Examples of mixture problems: diet choice, charge mixture properties, technology mix, decision making by groups of specialists.

The topic ‘mixtures’ includes mining technologies, ore geological properties, mixed strategies, in enrichment: chemical and mineralogical composition.

Collective decisions theory and mathematical statistics methods are applied.

More examples of applied problems: technical and economic analysis in solving mining operation modeling problems, production models of ferrous and non-ferrous metals.

A more general example was given by V.I. Katkovnik in his book “Linear estimates and stochastic problem of optimization”. He suggested a method of parametric averaging operators. This method is applied when researching the systems the status of which are vectors x of linear space specified by neural network parameters and structure. In this case network operation is determined by vector [ x , y ], y – output: у = у ( х ).

Committee concept

In its essence the idea of committee method is that of percentage of some special H subselection in G selection. This fact justifies the application of committee decisions in statistical problems.

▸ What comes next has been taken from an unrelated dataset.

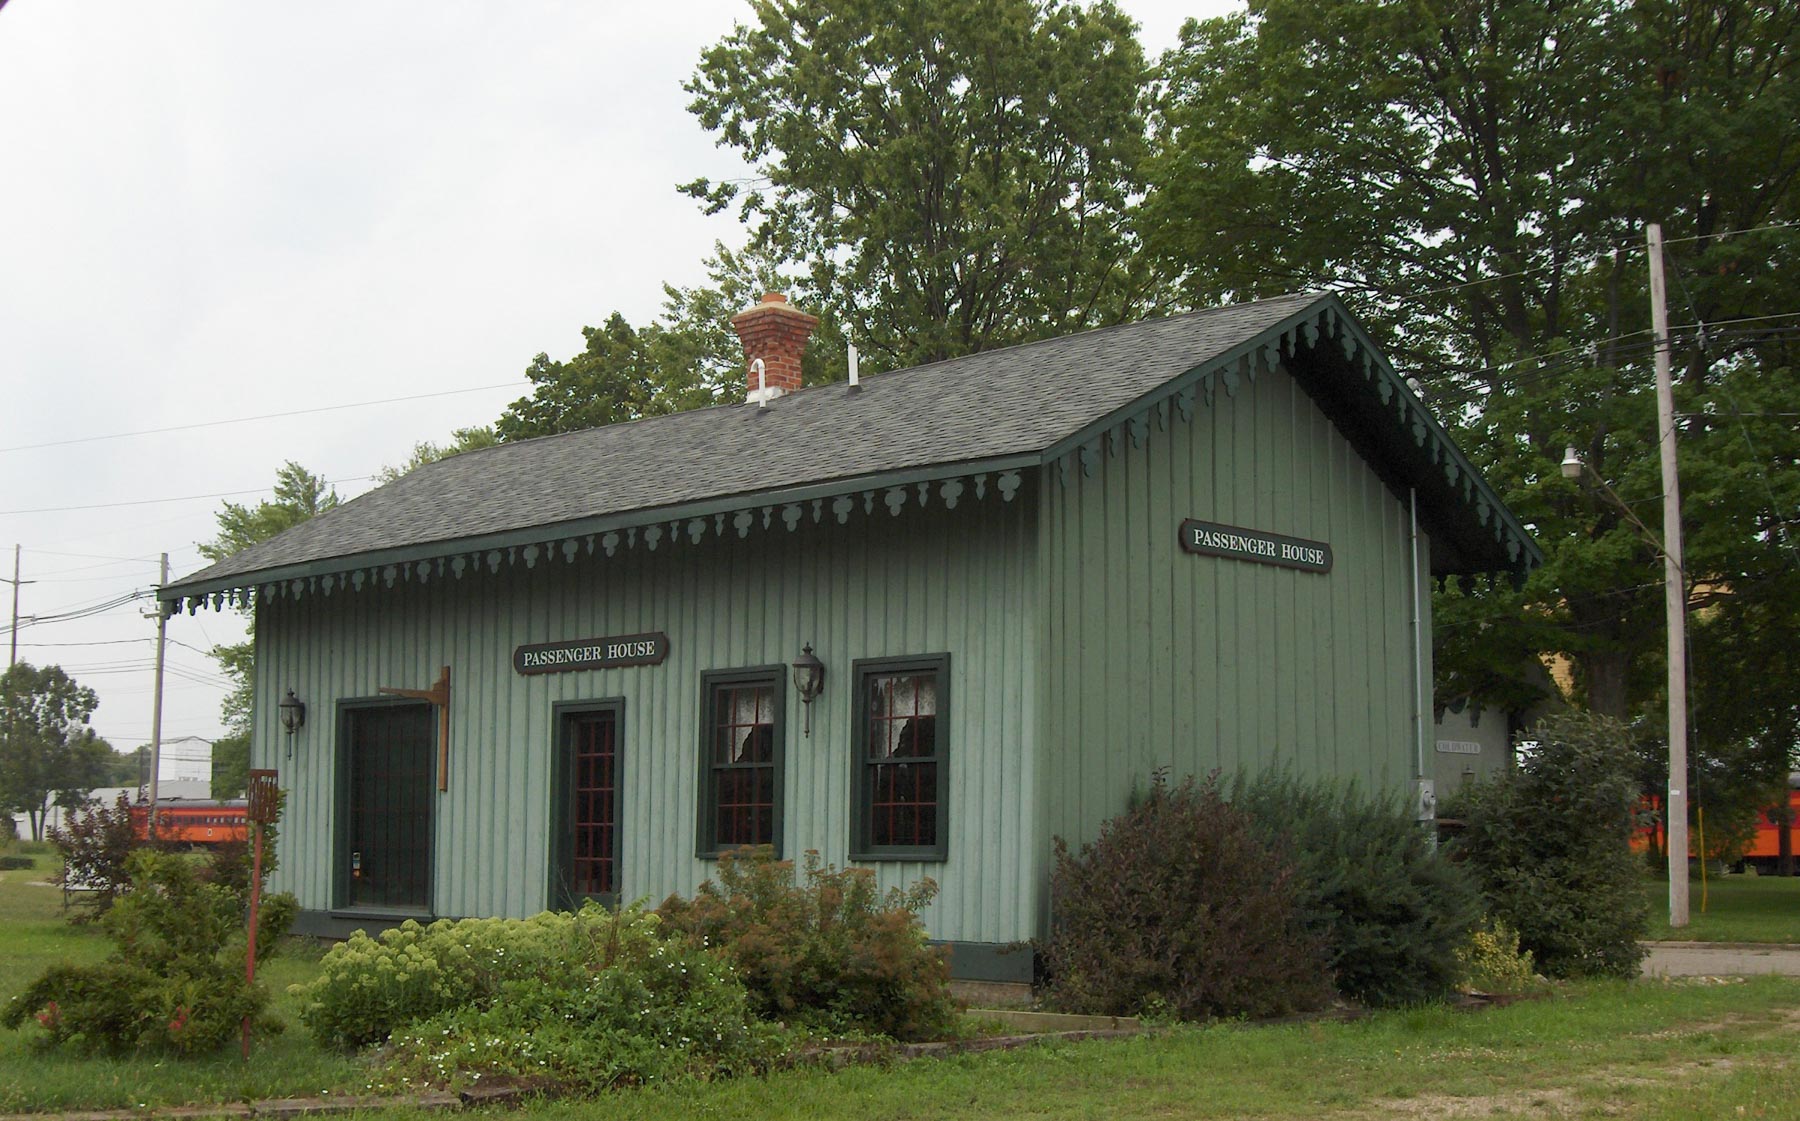 Original Passenger House

Besides, mathematical medicine involves micromedical models and macromedicine is a medical statistics.

Averaging stability

An international conference on image recognition took place in 1980’s in the city of Brody. My report on ambiguous interpretation of n-dimensional polyhedron images was highly appreciated by academician Y.I. Zhuravlev. A.B. Glaz also spoke there about formation of decision rules minimizing the average risk, the report concerned collectives of recognition decision rules. He was asked about the reference on Vl.D. Mazurov’s research but he was not acquainted with it.

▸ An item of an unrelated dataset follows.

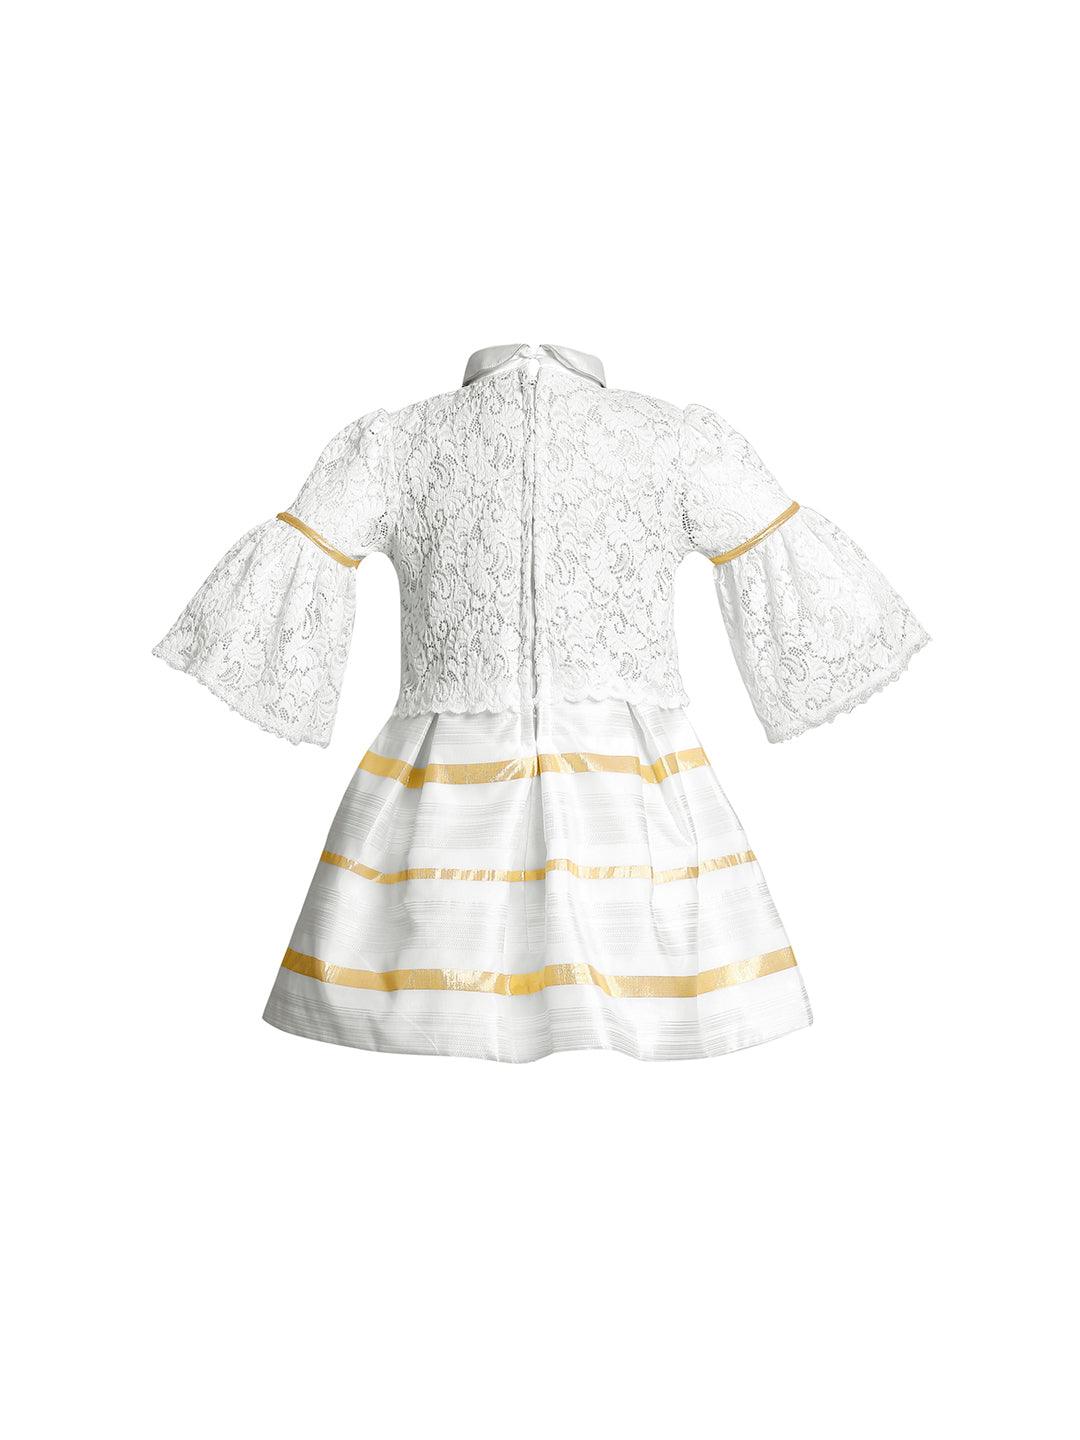 Tiny Baby White Coloured Dress - 1872 - TINY BABY INDIA shop.tinybaby.in

Though A.B. Glaz noted as well about averaging stability that is a typical situation in mathematical statistics. V.I. Arnold writes: ‘The basics of the mixing theory in dynamic systems are stated in the research by Lagrange and Laplace’. Y.V. Chaikovsky in his article on statistical world outlook formed in 1920’s also talks about averaging stability. E. Romanovsky published an article on this topic entitled ‘Statistical world outlook’ in 1922.

Statistical world outlook

The history of the world outlook formation is interesting. In 1920’s the concept of “statistical world outlook” emerged. Statistics consists of average and balance. In the early history of statistics it was viewed as accounting, description and calculation. Further on, as statistical hypothesis verification through statistical tendency and correlation. Balance principle occurred in accounting, meanwhile in accounting the balance is aimed at that between receipts and expenditure, in case there is none, since the very presence of receipts and expenditure disturbs the equality of receipts to expenditure, a fictitious balance is introduced. Equilibrium concept is generalized in nonequilibrium dynamics.

Consider a system

Х g D j ( j = 1, _ , m ) .                                                                        (1)

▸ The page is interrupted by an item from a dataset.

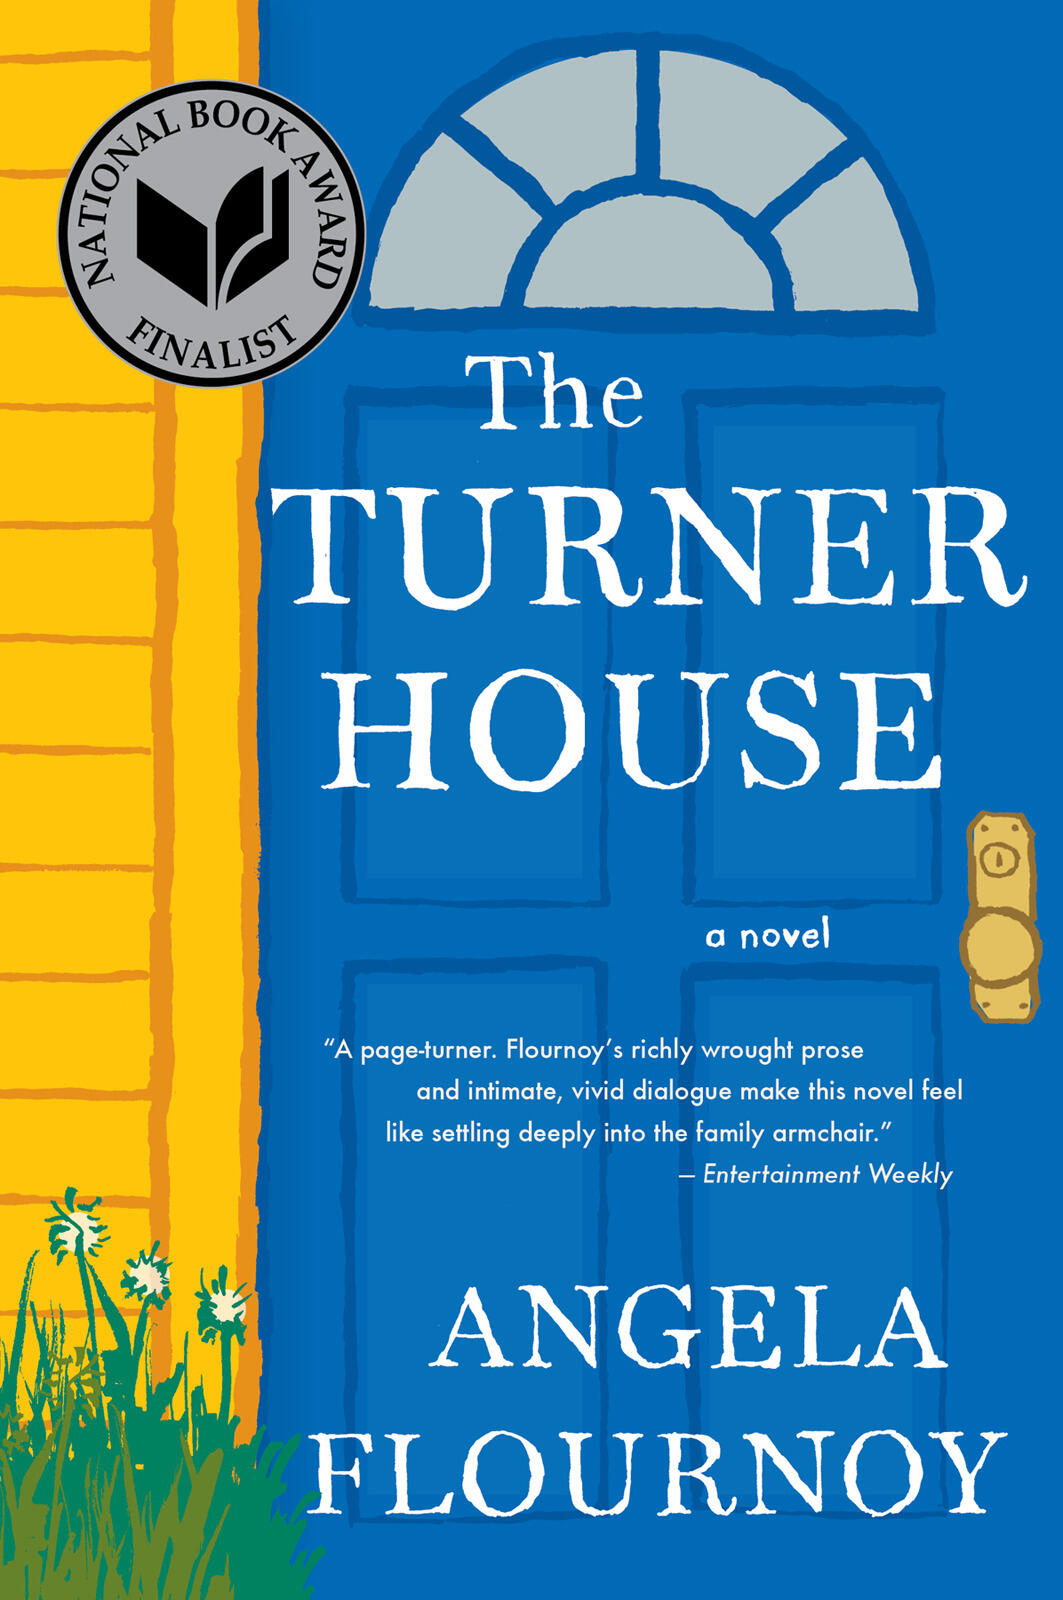 “The Turner House" by Angela Flournoy.

In particular it can be a system fj (x)> 0 (j = 1, -,m).                                                                          (2)

This article has the following committee constructions:

MCS – maximal (in sense of including) consistent subsystem;

MIS – minimum (in sense of including) inconsistent subsystem.

Committee for system (1) is a finite sequence C where every j -condition is satisfied with most elements of C .

The well-known properties of committee constructions should be reminded of.

• Theorem 1.

If a committee exists, there exists a committee consisting of decisions of MCS.

• Theorem 2.

If each k -sets of system (1) intersects and k / m >  p , then there exists p is a committee when р = k / m .

Conclusions

• 1.    Ramm’s model for charge mixture calculation does not provide exact mixing results.

• 2.    The model based on neural network and recognition is given in the article.

• 3.    The suggested model is applied not only to the problem of charge mixture but also to a wide range of problems on averaging and mixing.

• 4.    Factor nomination should apply methods of mathematical linguistics.